**PROMPT**
Your answer must be exactly the lines from the one containing "napoleon fireplaces led" through the end of the material, both ends included, without pictures.

**SUPPLIED INFORMATION**
----

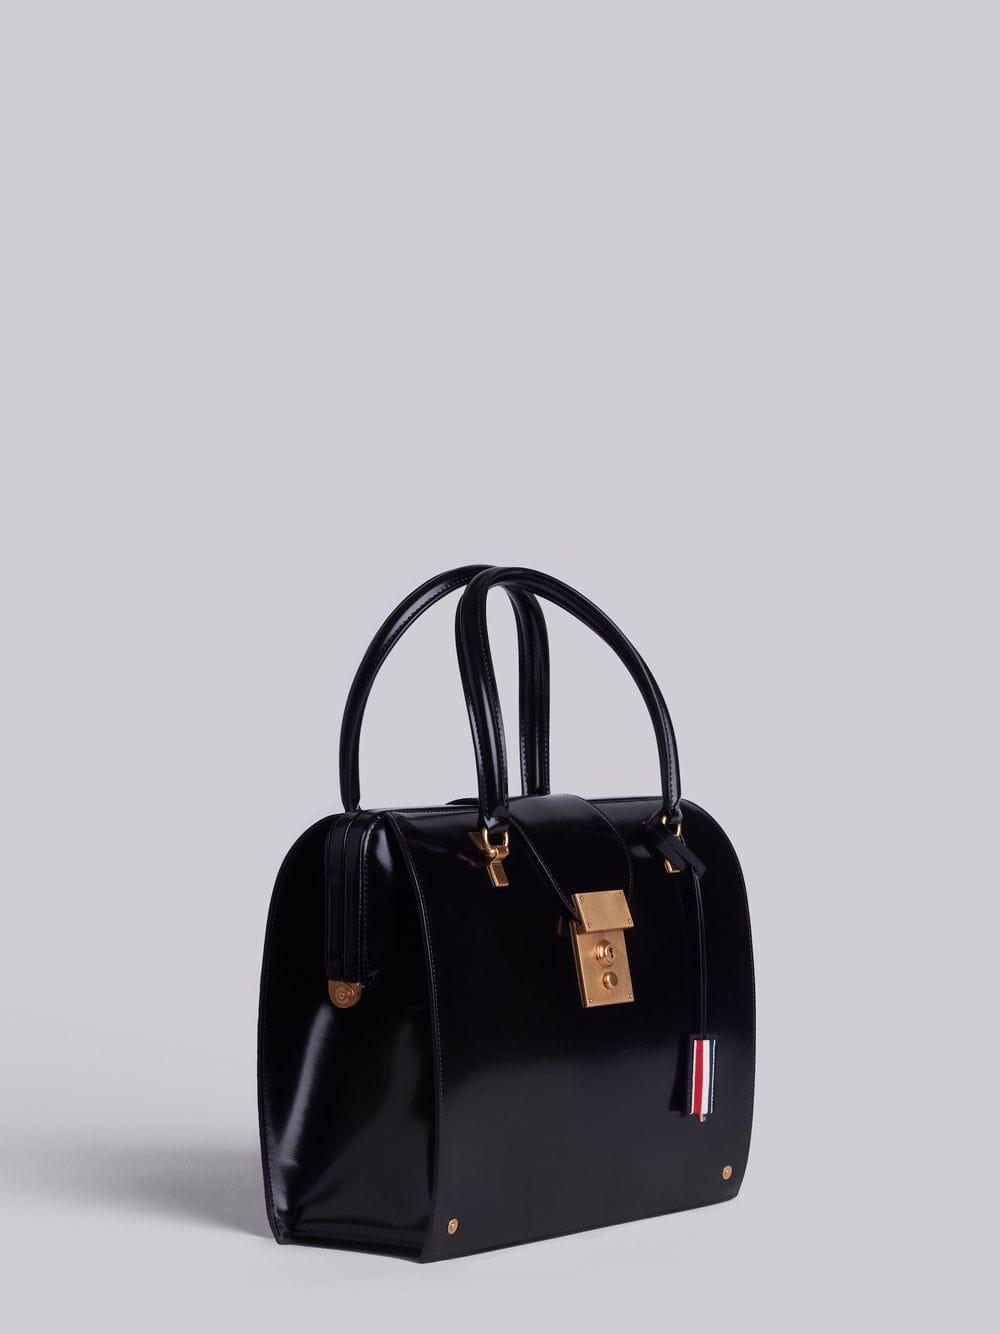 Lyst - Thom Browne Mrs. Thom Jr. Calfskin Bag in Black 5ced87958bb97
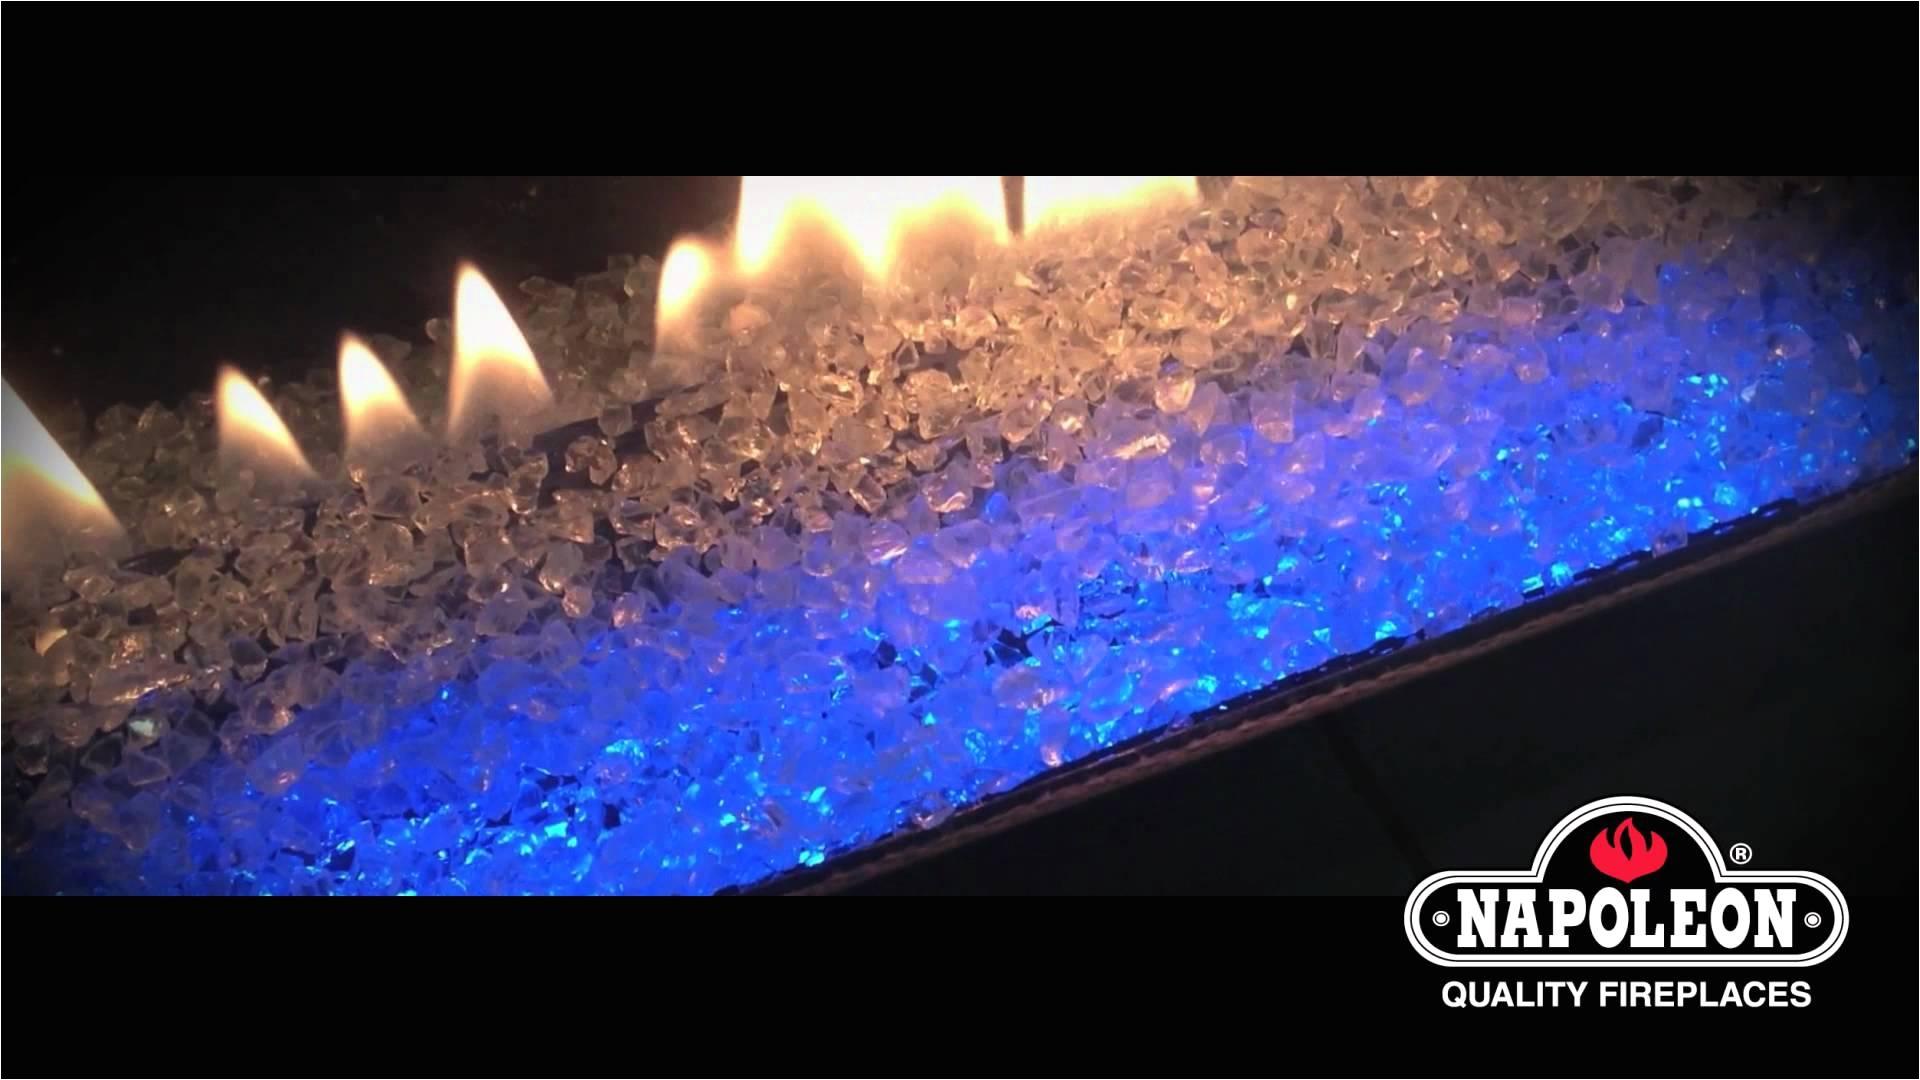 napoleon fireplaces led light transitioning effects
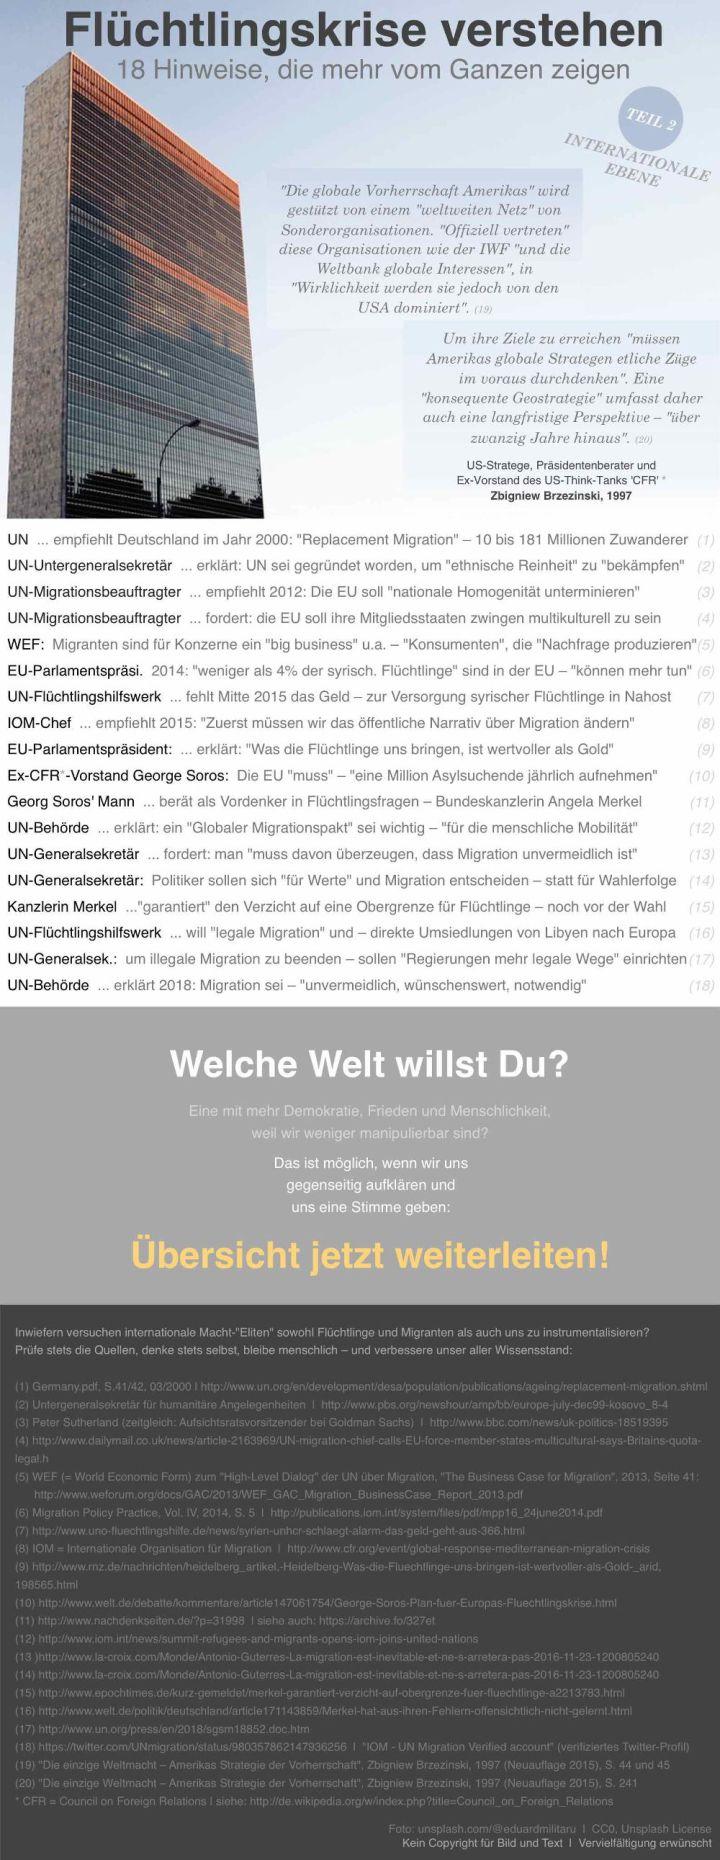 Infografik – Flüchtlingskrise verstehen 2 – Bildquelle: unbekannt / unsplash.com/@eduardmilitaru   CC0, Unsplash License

----

**ANSWER SPACE**
 napoleon fireplaces led light transitioning effects
 Infografik – Flüchtlingskrise verstehen 2 – Bildquelle: unbekannt / unsplash.com/@eduardmilitaru   CC0, Unsplash License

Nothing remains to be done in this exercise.